Look, I’m not being iconoclastic by rubbing the Assyrian culture’s nose in the mud. (or am I?) What I am talking about here is the evolution of old world cultures after a new generation arrives in America. My father dated only my mother, I on the other hand, have dated many girls. Each generation pushes the process of assimilation further on towards the Liberal horizon.
Stop and think for a few seconds. We are in the 21st century. As humans, we are at the edge of evolution from Homo Sapiens to Homo Deus.
Here I am, a guy who lives in Chicago, a major American Cosmopolitan city being maneuvered into a fixed marriage, and at the same time deeply engaged in my own philosophical debate on the value of virginity vs. a LinkedIn profile.
My episode represents a close-up view of a transformation in the Assyrian cultural scene. I find it to be hilarious.
The old mentality in the Assyrian community is so impressed by the moral principle of virginity that other values get forgotten or overlooked. Things such as education (never reads), character (always negative), a potential for growth (lazy), lifelong learning (careless about self-improvement), financial responsibility (mountain of credit card debt), and physical fitness (gym is a tourist attraction).

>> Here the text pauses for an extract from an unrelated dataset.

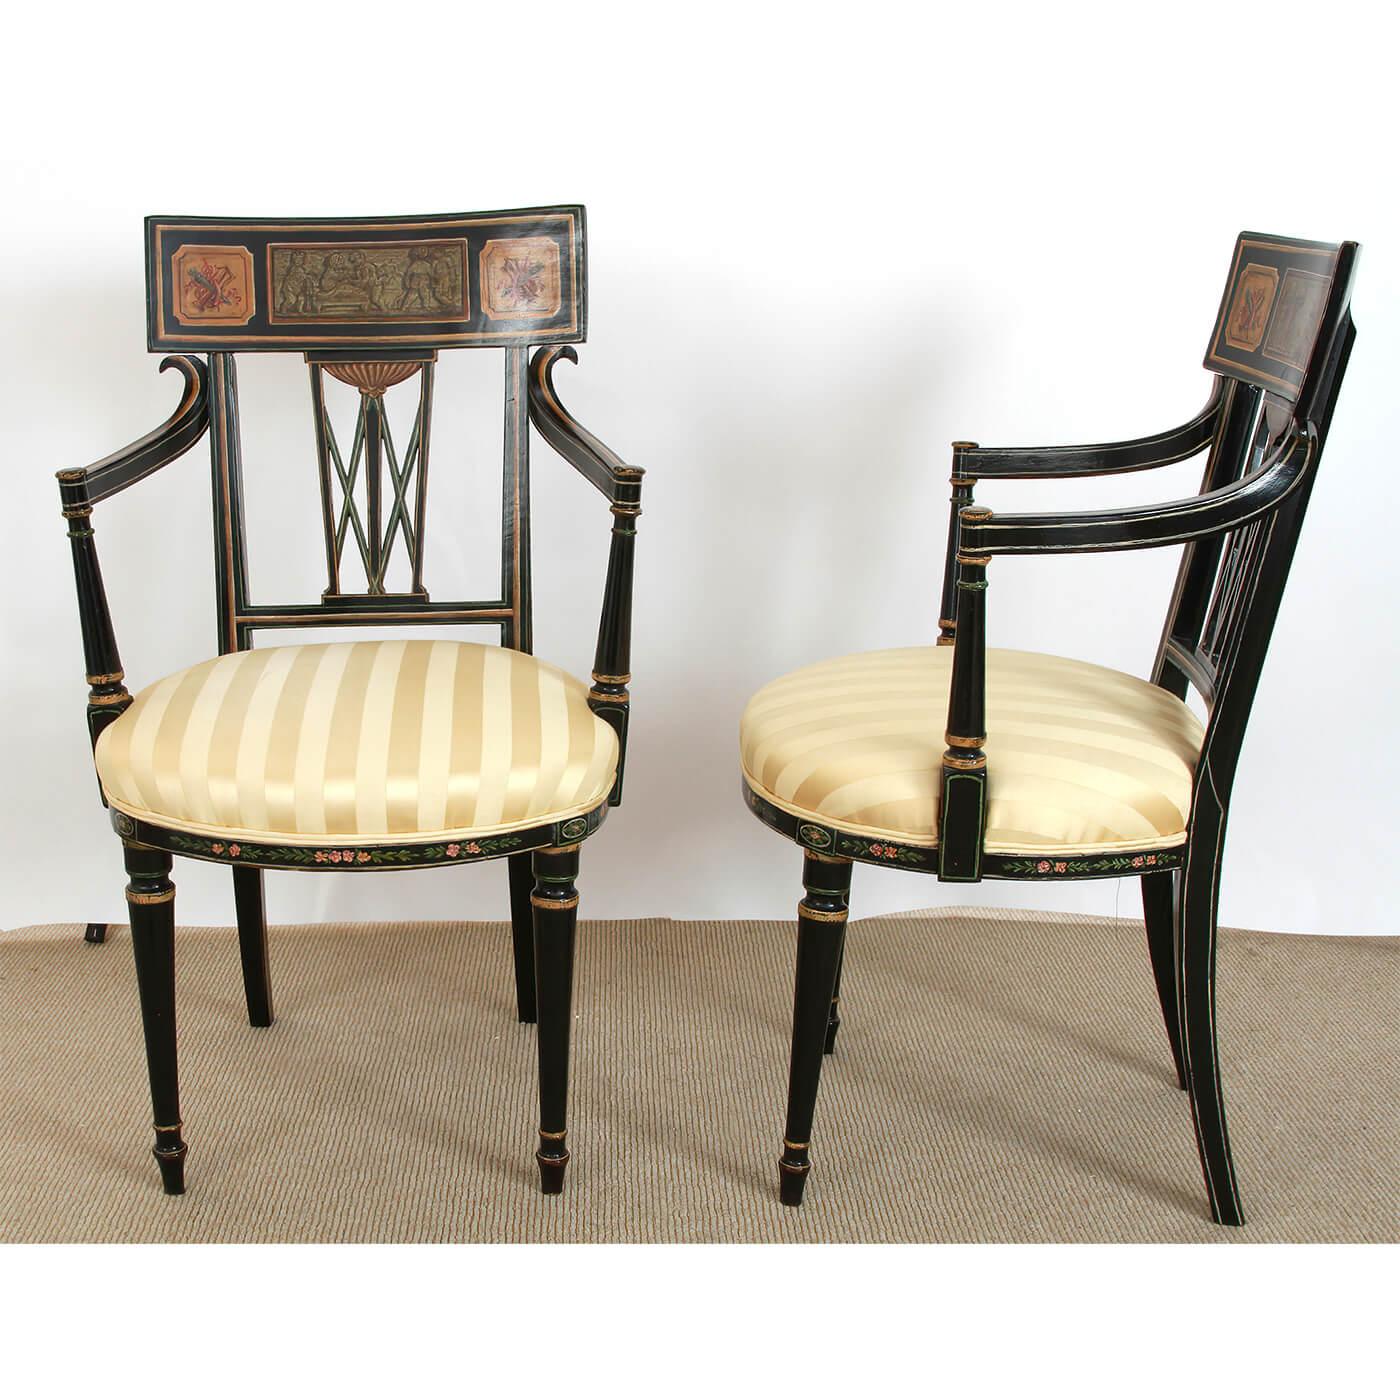 Ein feines Paar englischer Regency-Sessel aus Ebenholz mit klassisch bemalten Plattenleisten mit passenden Motiven und vergoldeten Verzierungen. Um 1810

Abmessungen: 21

If you were looking over your list of profiles, and under her name, in the “about me” section, the attributes listed included “VIRGIN” in big capital letters, followed by the above list (I never read, I’m always negative, I’m lazy…) how fast would you swipe left on the new SurayeSwipe App? (Yes. That is a real app.)
Did I mention that one of the four finalists competing to colonize Mars is an Iraqi woman? Look how far did she’s willing to go to escape her cultural requirement for virginity. I bet she has a LinkedIn profile. I should be dating an astronaut.